Bendito sea mi hombro, y bendita sea mi muñeca. Benditos sean mis ojos, y benditos nuevamente sean mis ojos, porque me permiten ver al albatros que navega entre los astros, coloreando los destinos de cientos de niños en la mano. Benditos sean mis ojos, que me permiten ver a los deformes, arrastrando tristemente sus ataúdes por la costa. Benditos sean mis ojos, que me dejan ver a mis amigos con botellas de cerveza rellenas de sueños.
Benditos sean también ellos, porque son los órganos internos de un cuerpo más grande. Yo soy la rodilla, crecida de nieve y lejanía, donde, sin embargo, florece una magnolia roja tan solo vista por unos cuantos. Lorena es una oreja, colgando de las nubes de las tardes, recogiendo esas últimas palabras que siempre dice el sol cuando se oculta. Frida es una pelvis, una mariposa de hueso que sostiene las carnes del mundo. Daniela es una uña, una uña en la que florecen los pueblos de las orquídeas negras.
Gerardo es una pierna, una pierna delicada, y que, sin embargo, podría saltar todos los montes del planeta. Eduardo es un párpado gigante, su deber es cerrar las cortinas al teatro que es el mar, recoger los clavos que sostienen a los cielos, descolgar las poleas con las que bajaban las estrellas. Omar Jasso es una línea en la mano, una línea tan rara que ningún vate podría descifrarla. Abigail es una costra formada por los dedos del tiempo, una costra sucia, muy sucia, destinada a sanarnos. Ema es una pestaña caída del cuerpo, una pestaña que bien empleada puede ser más poderosa que un cometa.
Miguel es un riñón derecho, capaz de contener el mar de así quererlo. Luna es una rosa de hueso que gira, lentamente gira, entre dos ejes de calcio que une. Y Rebeca es una costilla, una costilla que abraza a todos nuestros órganos. A ellos, a todos ellos, que son los órganos de un cuerpo más hermoso, yo los bendigo, con esta lengua que me ha crecido tanto, tanto.

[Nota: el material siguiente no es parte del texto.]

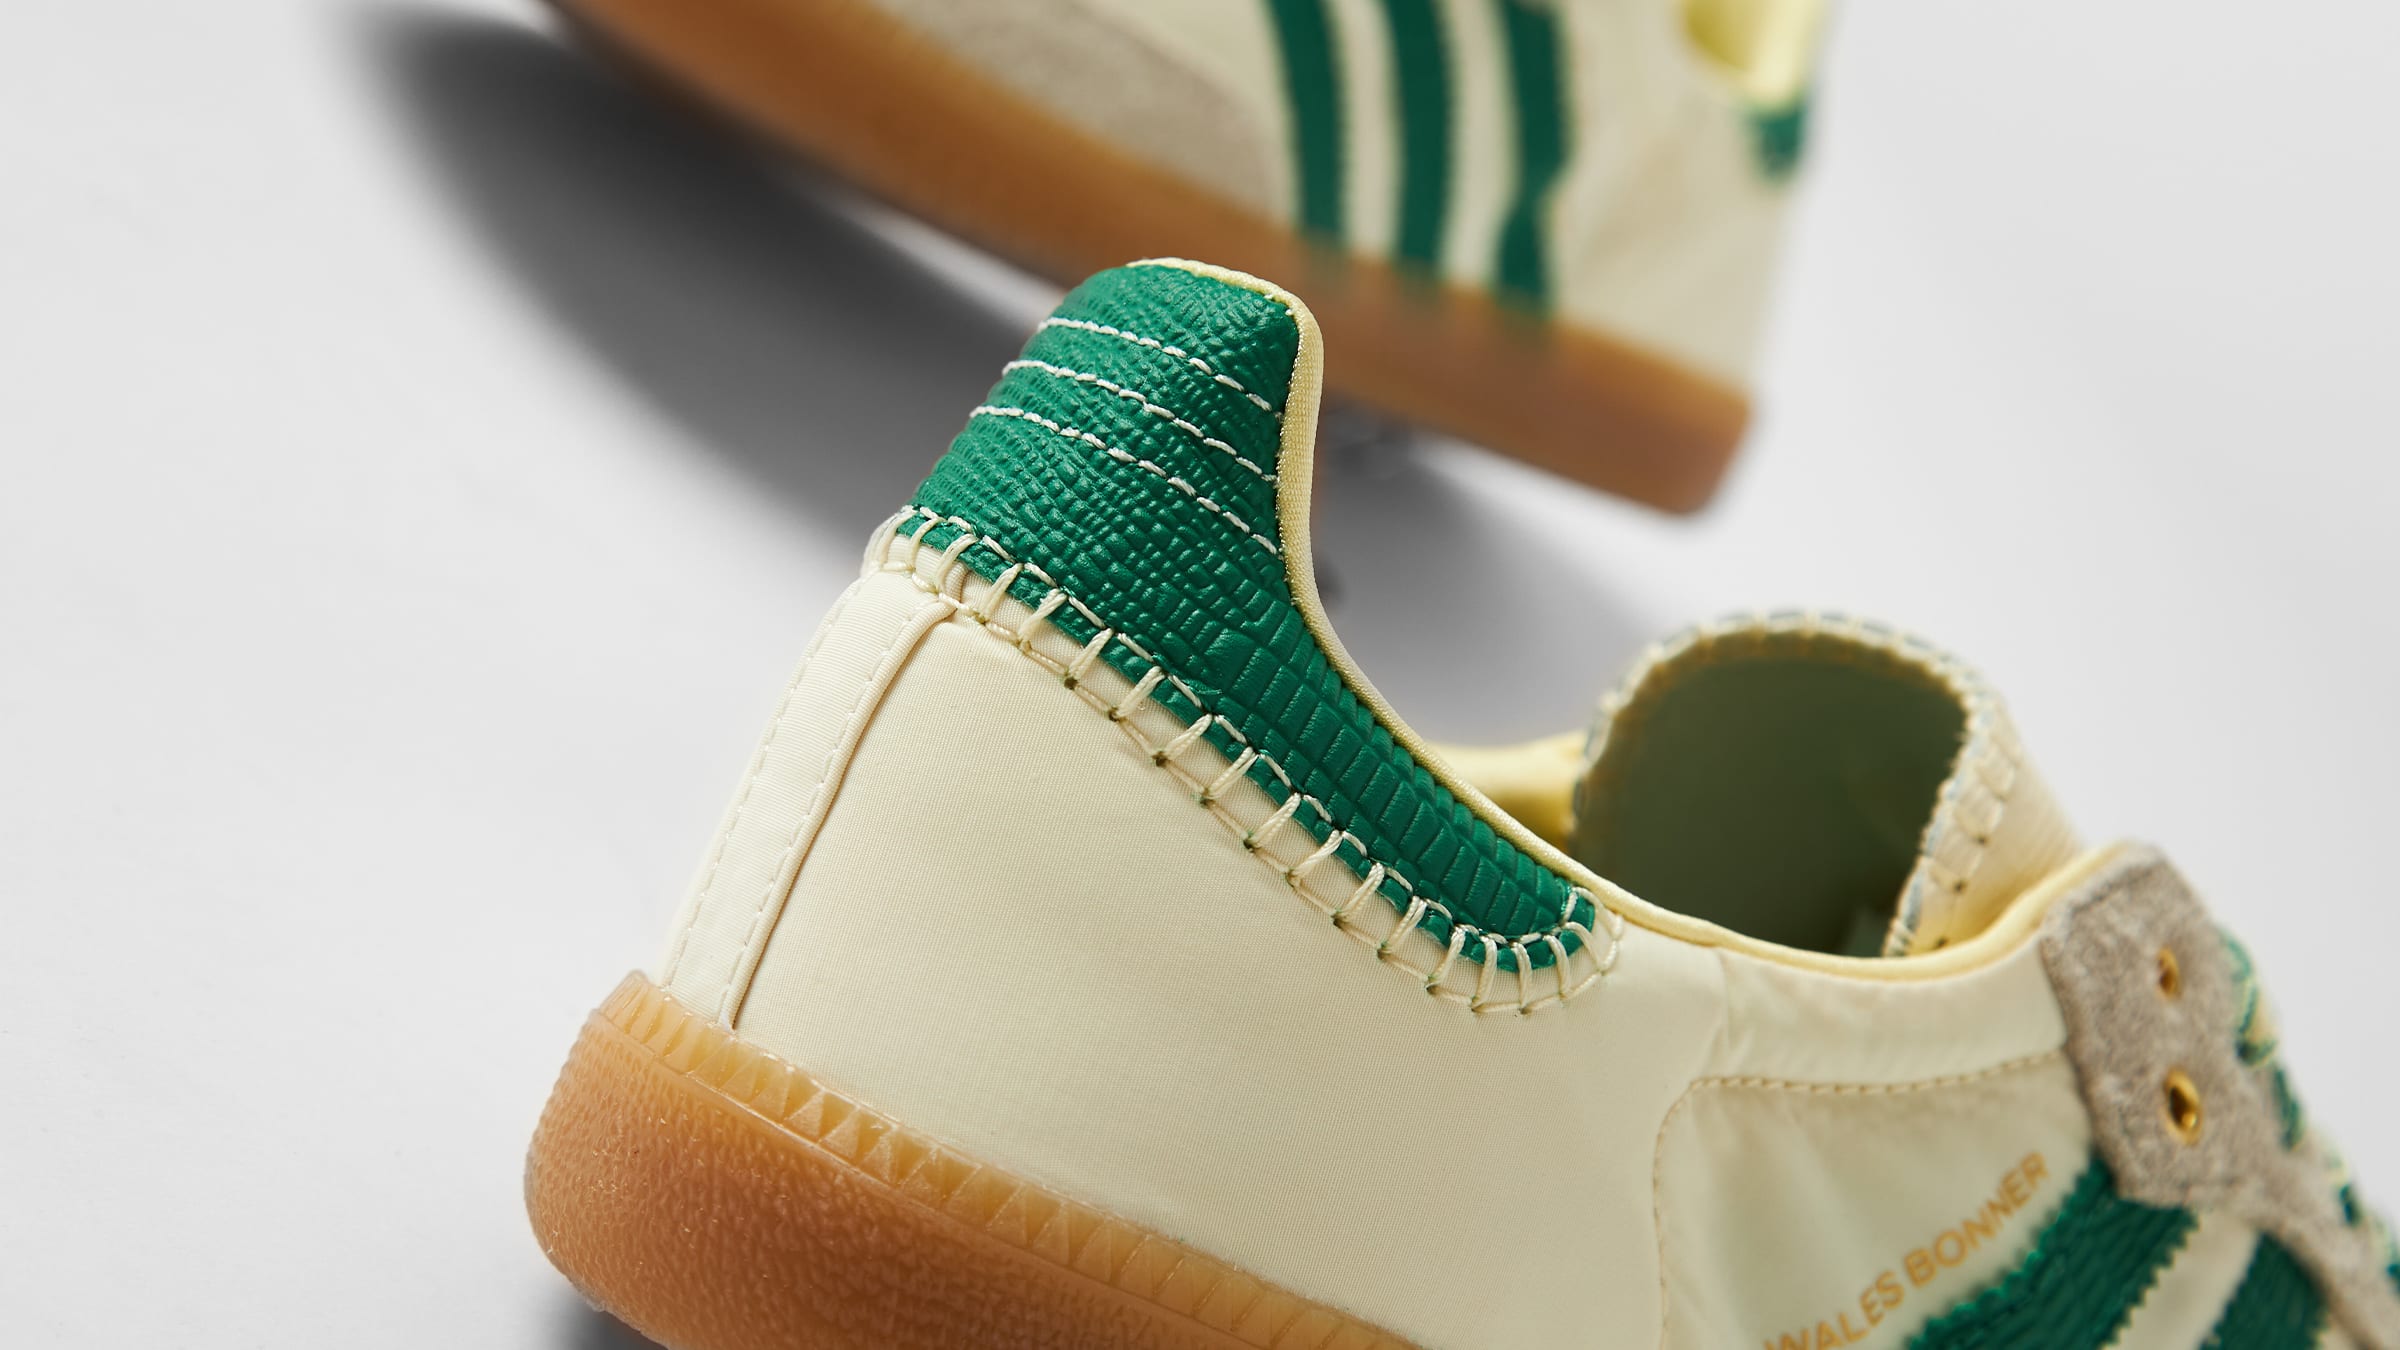 Adidas x Wales Bonner Samba (Cream, Green & Yellow) | END. Launches

Benditos sean, benditos sean. Y también bendito sea mi cuerpo, con el que puedo verlos. Bendito sea mi cuerpo, con el que puedo oírlos. Benditas sean mis manos, con las que puedo tocarlos. Bendita sea mi lengua, y mis dientes, y mi garganta, y mis labios, y mis cuerdas; con las que puedo cantarles todo el día. A ustedes, a ustedes, que son la cosmología interna del gran libro.
A ustedes, a ustedes, que son los arcángeles que saben escribir poemas. A ustedes, a ustedes, que han mirado los mares durante tantos años. A ustedes, a ustedes, a los que les escribo mis teorías, como tirando lágrimas a una botella. A ustedes, a ustedes, mis palabras. Benditos sean, benditos sean. He dicho. La ética de este libro, es la sangre que corre en sus cuerpos.